Well, I DO mean "Earth-like" in the sense of having an atmosphere, a magnetosphere, and liquid water at some place.  I don't really consider Venus or Mars to be "earthlike" in that regard now of course.  Though they might have been and one time for a while. 

And I can't give a list of earthlike planets elsewhere.  But there do seem to be some from current reports and some Solar moons do have conditions that could support life as we know it.

Partially, I'm going from the statistics rule.  There can be none of something, one of something, or many of something.  What there can't be is just 2 of something.  So, if there are conditions for life (Europa and Enceladus for example), then it seems likely that there are very many such places elsewhere.

I make no claim that there IS intelligent life elsewhere, just that conditions from which it could arise exist.
Atheist born, atheist bred.  And when I die, atheist dead!

aileron

Quote from: Baruch on August 05, 2019, 08:09:20 AM
Jefferson did fail at ... he didn't believe it possible that meteorites (the rocks) came from outer space.  He thought them terrestrial.  So in that case he claimed knowledge illegitimately, and wrongly.

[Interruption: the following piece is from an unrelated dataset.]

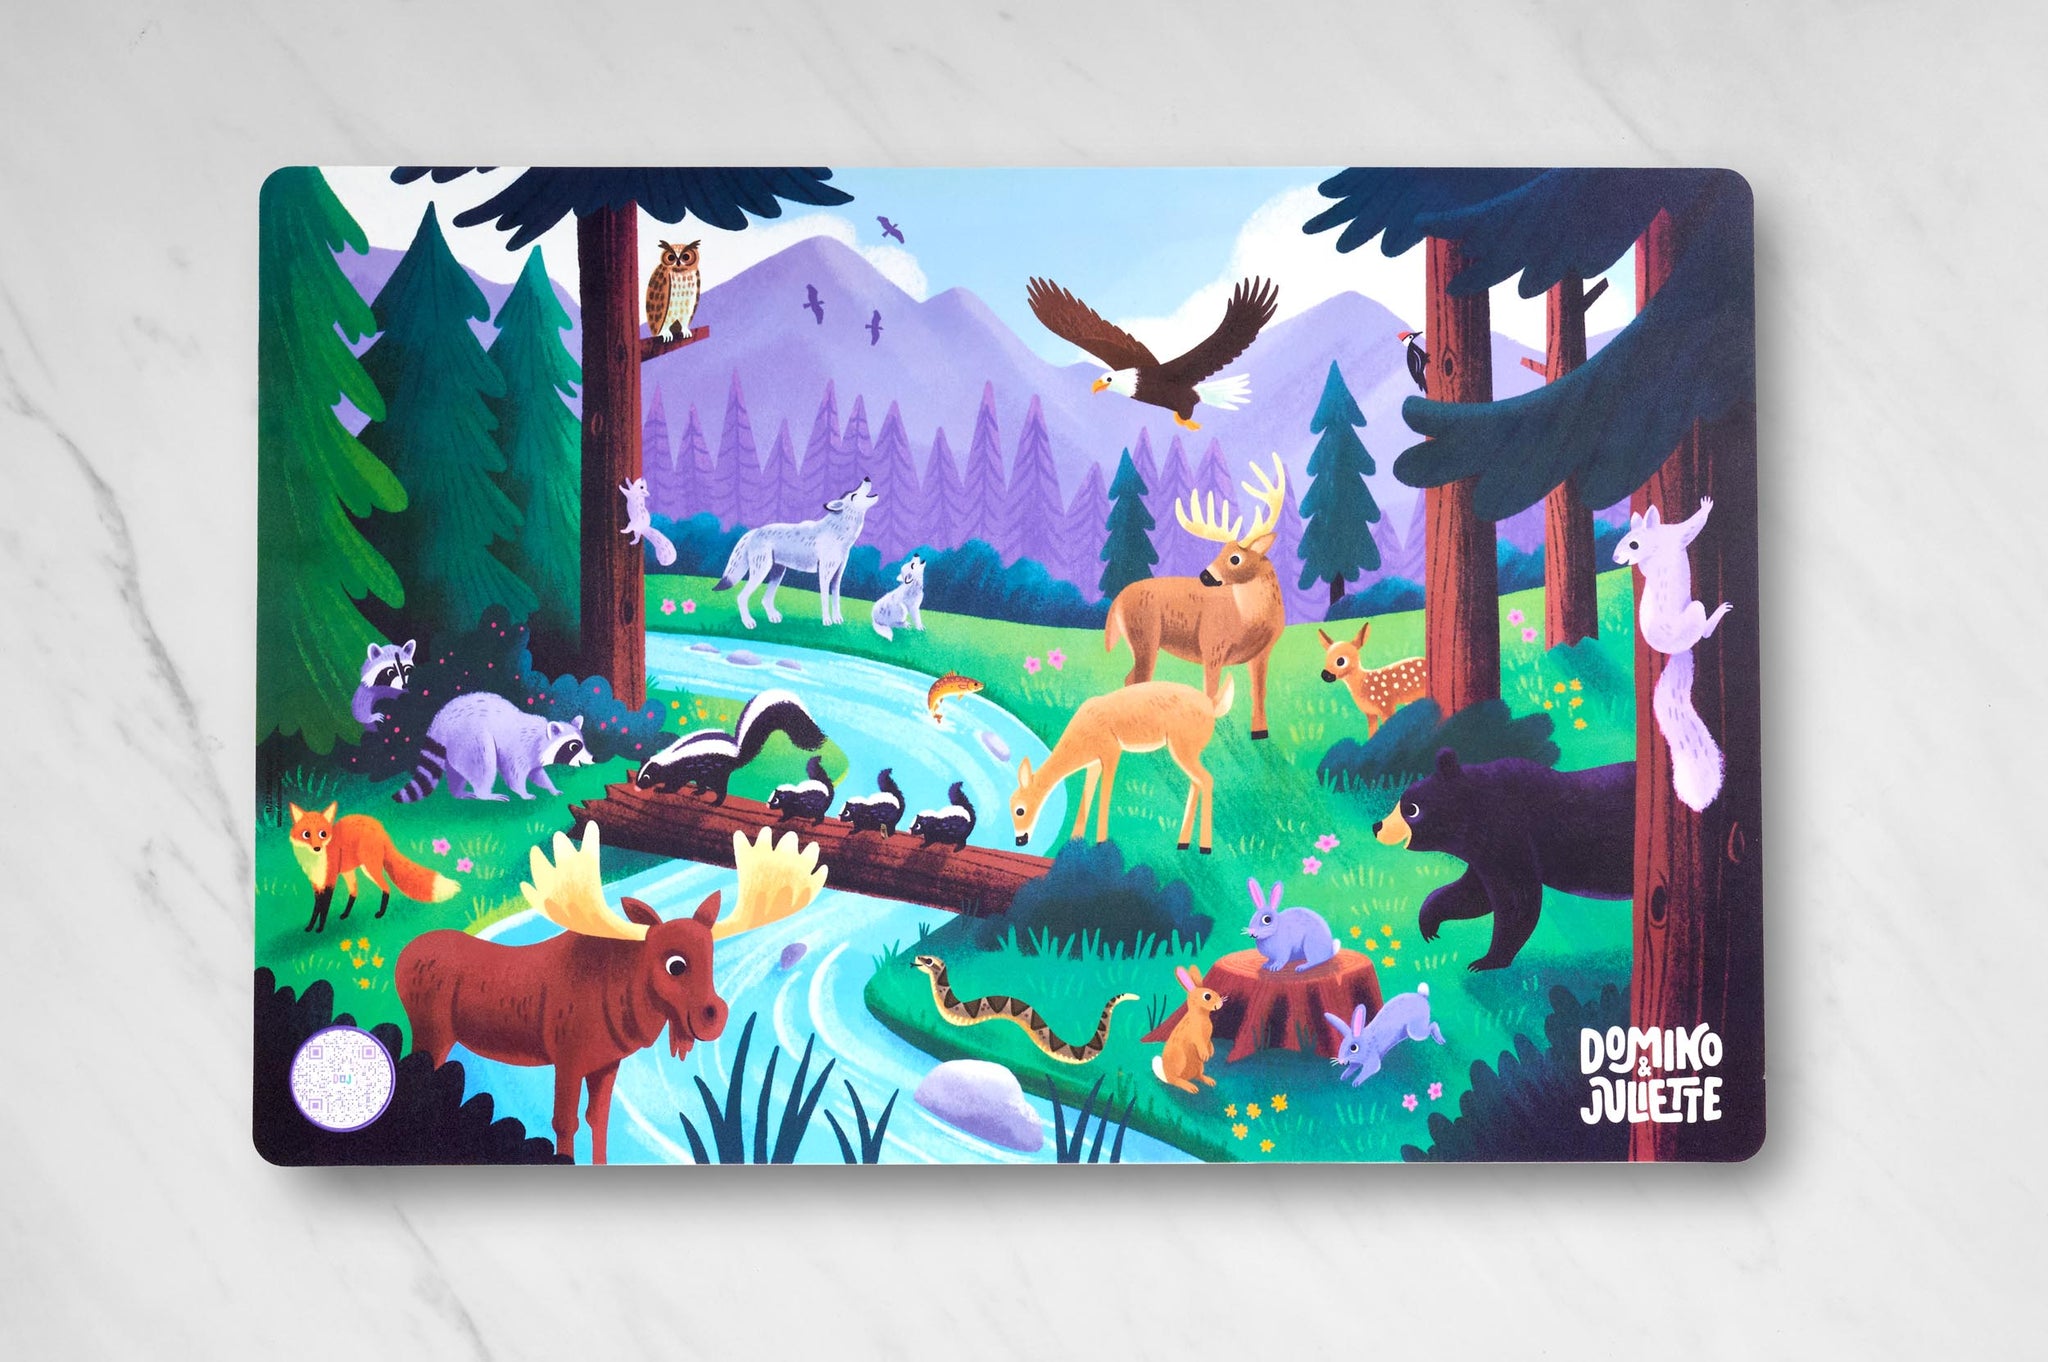 Walk in the Woods Placemat, Furry and feathered forest animal placemat, Walk in the woods placemat with forest animal illustrations, Encourages language development, early math skills, imaginative play, Perfect for indoor activities for 2-year-olds, preschoolers and kindergartners, Provides engaging and educational activities for children, Great ideas for what to play with 2-year-olds and what to do with a 19-month-old at home.

Jefferson didn't have the benefit of Google. If he had it, he'd probably have known that the ancient Egyptians knew for certain that meteorites came from the sky. They called iron the "metal from heaven" because before people figured out how to identify iron ore and smelt it, meteorites were the only source of the metal.
Gentlemen, you can't fight in here! This is the War Room! -- President Merkin Muffley

My mom was a religious fundamentalist. Plus, she didn't have a mouth. It's an unusual combination. -- Bender Bending Rodriguez

Unbeliever

Well, there are no reasons that I'm aware of that intelligent life can't exist out there, but I know of no other planets or moons where life as we know it can exist. Large numbers of stars and star systems just don't constitute evidence for me.
God Not Found
"There is a sucker born-again every minute." - C. Spellman

Cavebear

Quote from: Unbeliever on August 05, 2019, 03:37:06 PM
I'm partial to #4, myself. We may well be the first life to achieve intelligence.

That is a perfectly reasonable possibility.  But there are the others...
Atheist born, atheist bred.  And when I die, atheist dead!

Cavebear

Quote from: aileron on August 05, 2019, 03:55:01 PM
Jefferson didn't have the benefit of Google. If he had it, he'd probably have known that the ancient Egyptians knew for certain that meteorites came from the sky. They called iron the "metal from heaven" because before people figured out how to identify iron ore and smelt it, meteorites were the only source of the metal.

There are even good observations of that.  I recall reading about some ancient Europeans who personally witnessed meteors falling onto their farmland.  I can't provide a date and place, but I know the source was reputable.  That's enough for casual discussion.  Some Googling would find it.

BTW, NASA once announced that the Voyager missions only worked because of the specific planetary alignment.  The last time it had happened was during President Jefferson's administration.  And as they joked, "he blew it".
Atheist born, atheist bred.  And when I die, atheist dead!

Baruch

Quote from: aileron on August 05, 2019, 03:55:01 PM
Jefferson didn't have the benefit of Google. If he had it, he'd probably have known that the ancient Egyptians knew for certain that meteorites came from the sky. They called iron the "metal from heaven" because before people figured out how to identify iron ore and smelt it, meteorites were the only source of the metal.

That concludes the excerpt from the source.